In February 1926, at Madison Square Garden in New York, Flowers outpointed Greb over 15 rounds to win the middleweight world title and eight months later, he did the same again at the same venue. That’s 30 rounds with Greb, one of boxing’s immortals; Greb died in October of the year after a routine operation to remove some cartilage from the back of his nose.

In December of 1926, in Chicago, Flowers lost his world middleweight title to Mickey Walker. Make no mistake, Flowers walked with giants. When Flowers died, just 11 months later, he was due to fight Walker again.

Tiger was a living legend by then, his act available all over America and the world in tribute form.
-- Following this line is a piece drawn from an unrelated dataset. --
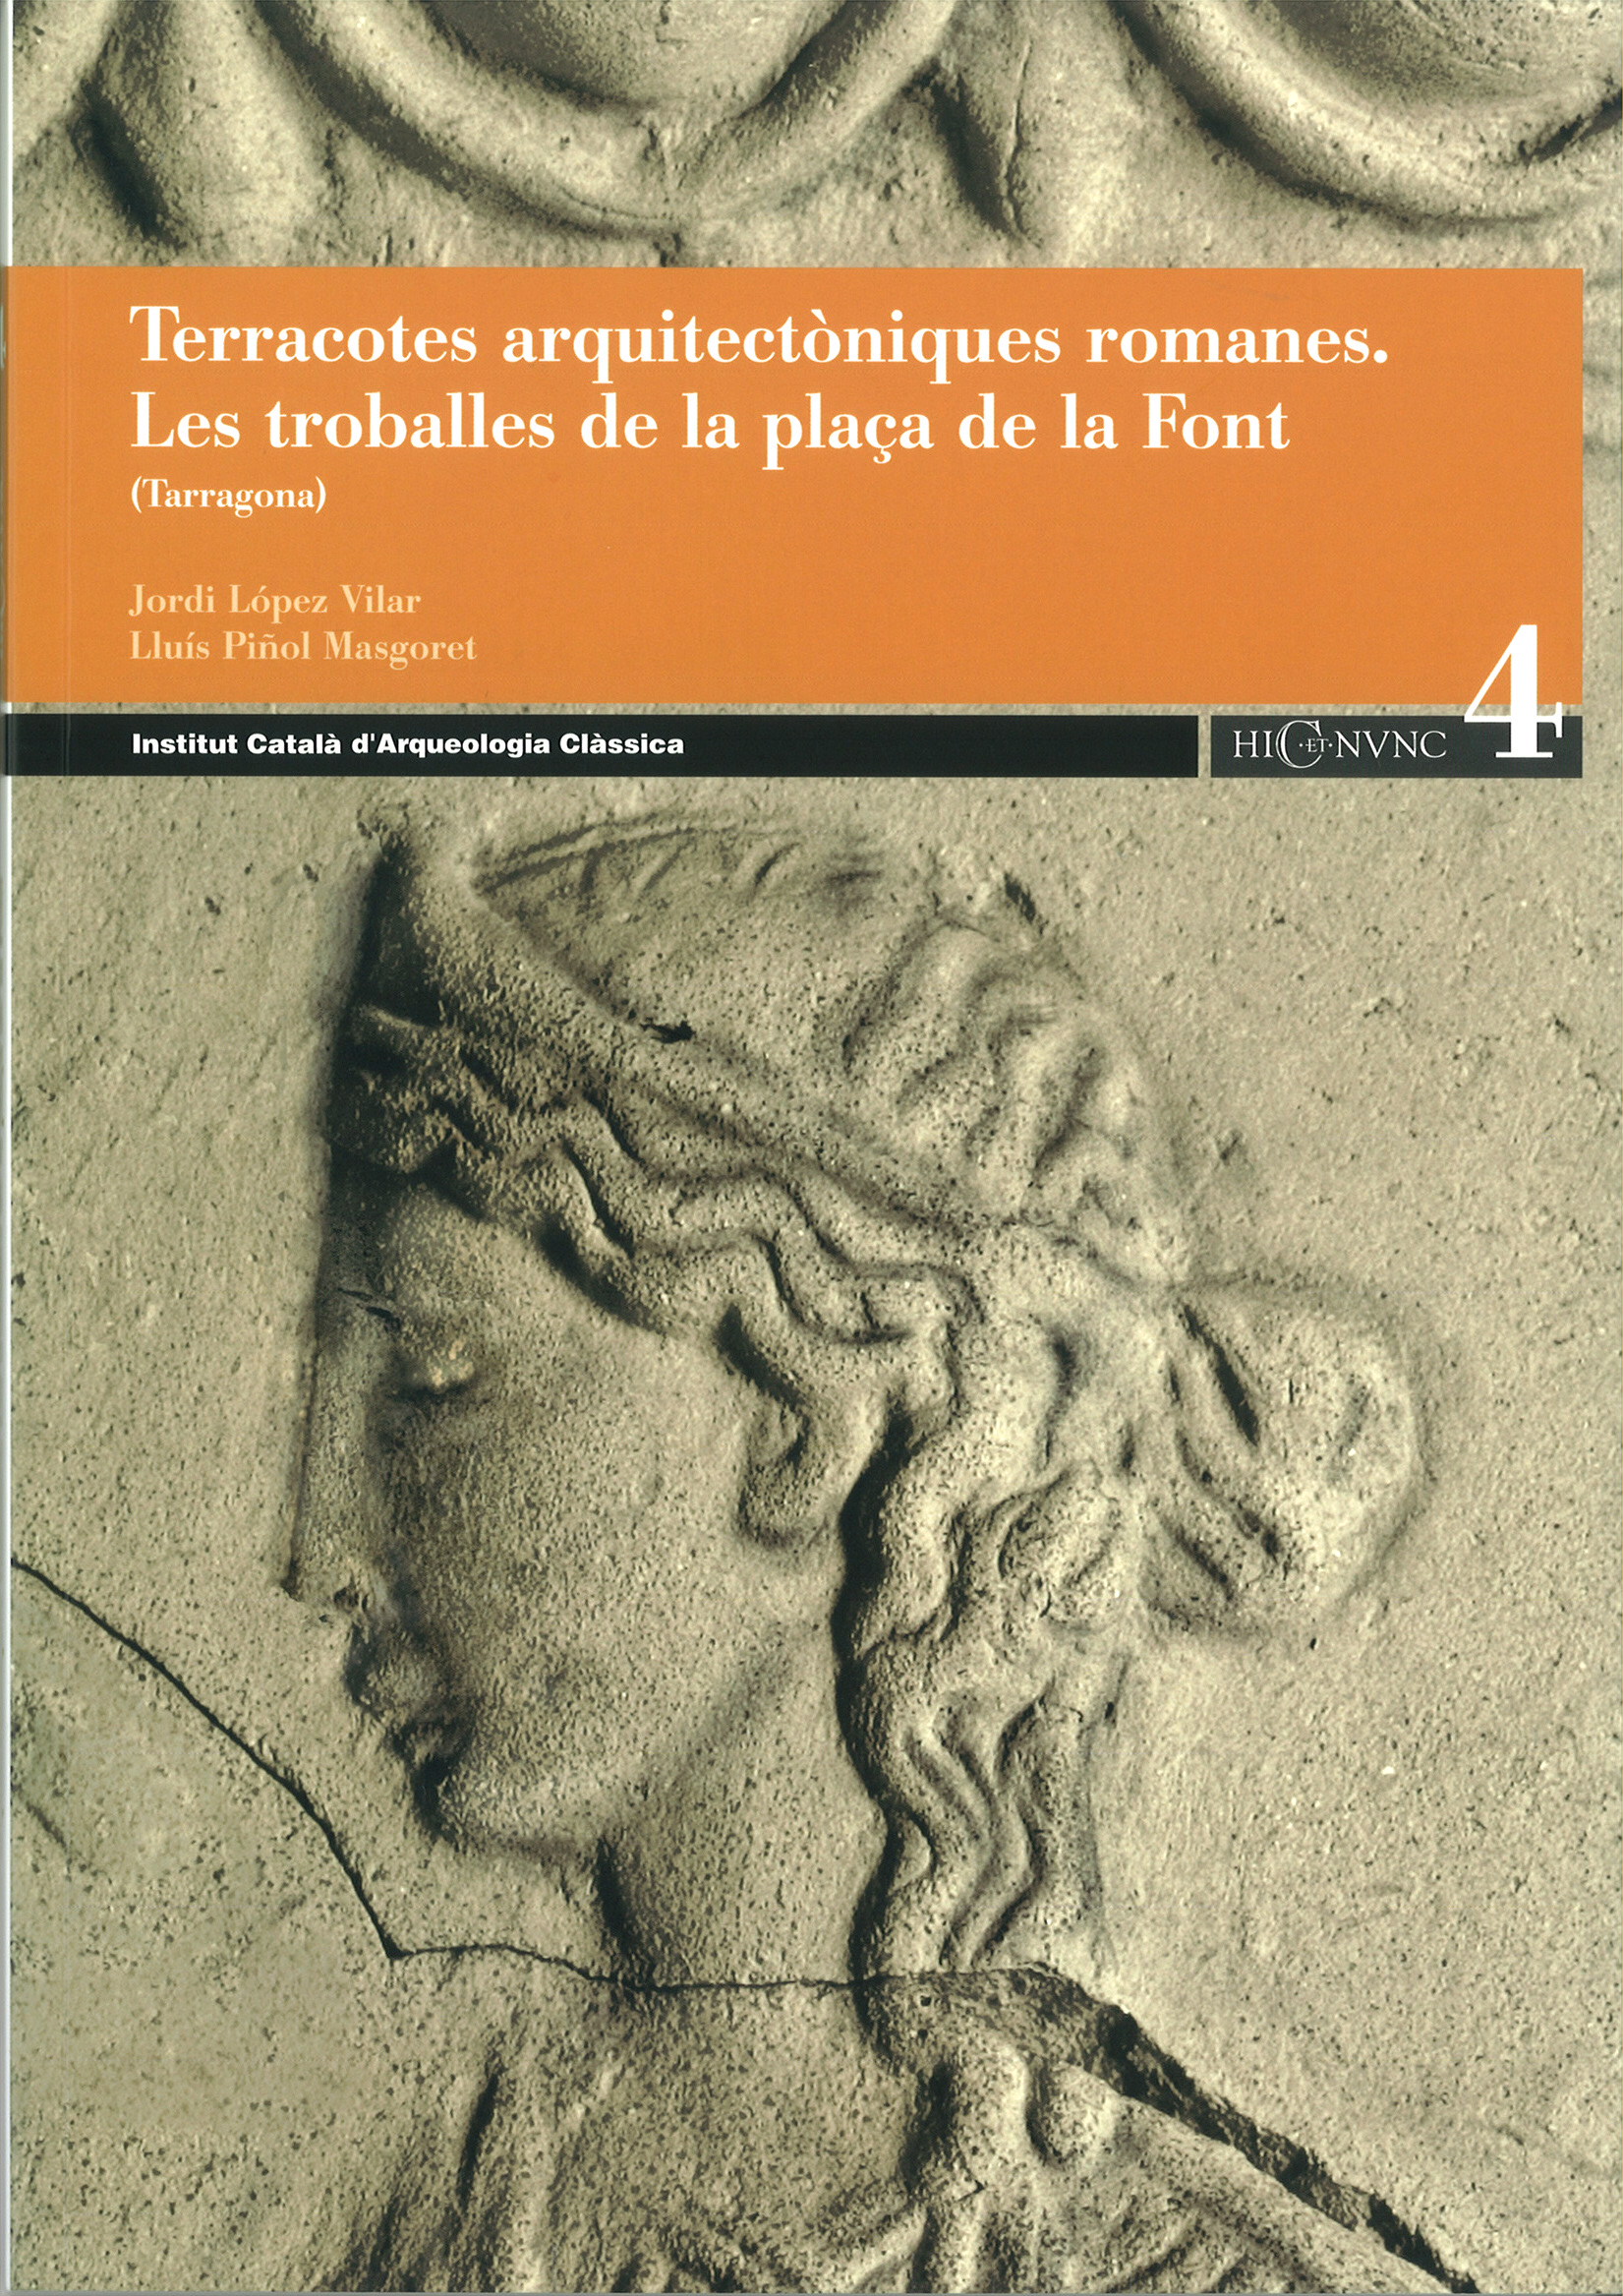 Terracotes arquitectòniques romanes. les troballes de la plaça de la Font (Tarragona, Tarragonès), 2008, 116 p.

I’m a fan of the concept.

The idea that a boxer tribute act is coming to your civic centre soon is reassuring; it could also work. What about choreographed great fights? Anybody up for The Rumble in the Jungle on a stage in Solihull? Good lights, sound effects, voiceover. It makes a lot of sense. And then, after the interval, it’s Marvin Hagler against Tommy Hearns. Bish, bosh and boogie.

I have no idea if there has ever been a fight between Tiger Flowers and Tiger Flowers. It would be the ultimate tribute showdown and as weird as the annual and international Elvis sing-off in Memphis. The Elvis King of Kings, by the way is called Gordon from Stoke. I hope, if the two Flowers ever met, it was a draw. There was, in 1936, a fight between a Tiger Flowers and a Young Jack Dempsey; Tiger won by knockout.

In the ‘eighties I had a friend called Mohammed Ali, he was from Ghana, he boxed as a pro in London and he never had it easy. Never. It was his real name; he was a cleaner and one of the hardest men I ever met. He was never billed as a tribute act to The Greatest; my Ali was just a scratcher, trying to nick a few quid and losing six of his 12 fights – he was probably meant to lose all 12, to be honest. As I said, he was hard. I can’t even remember a conversation with him about the other Ali.

And, before you look, there are just five boxers with the same spelling as the Greatest.

The loss in Cardiff was the first in Steve Robinson’s short and entertaining career. He really does move and fight and look like Drago. He lost to Tipton’s Shane Gill and there is only one Shane Gill. By the way, in the world of Tribute Boxing, Big Shane would play a mean Chuck Wepner. I’m just saying.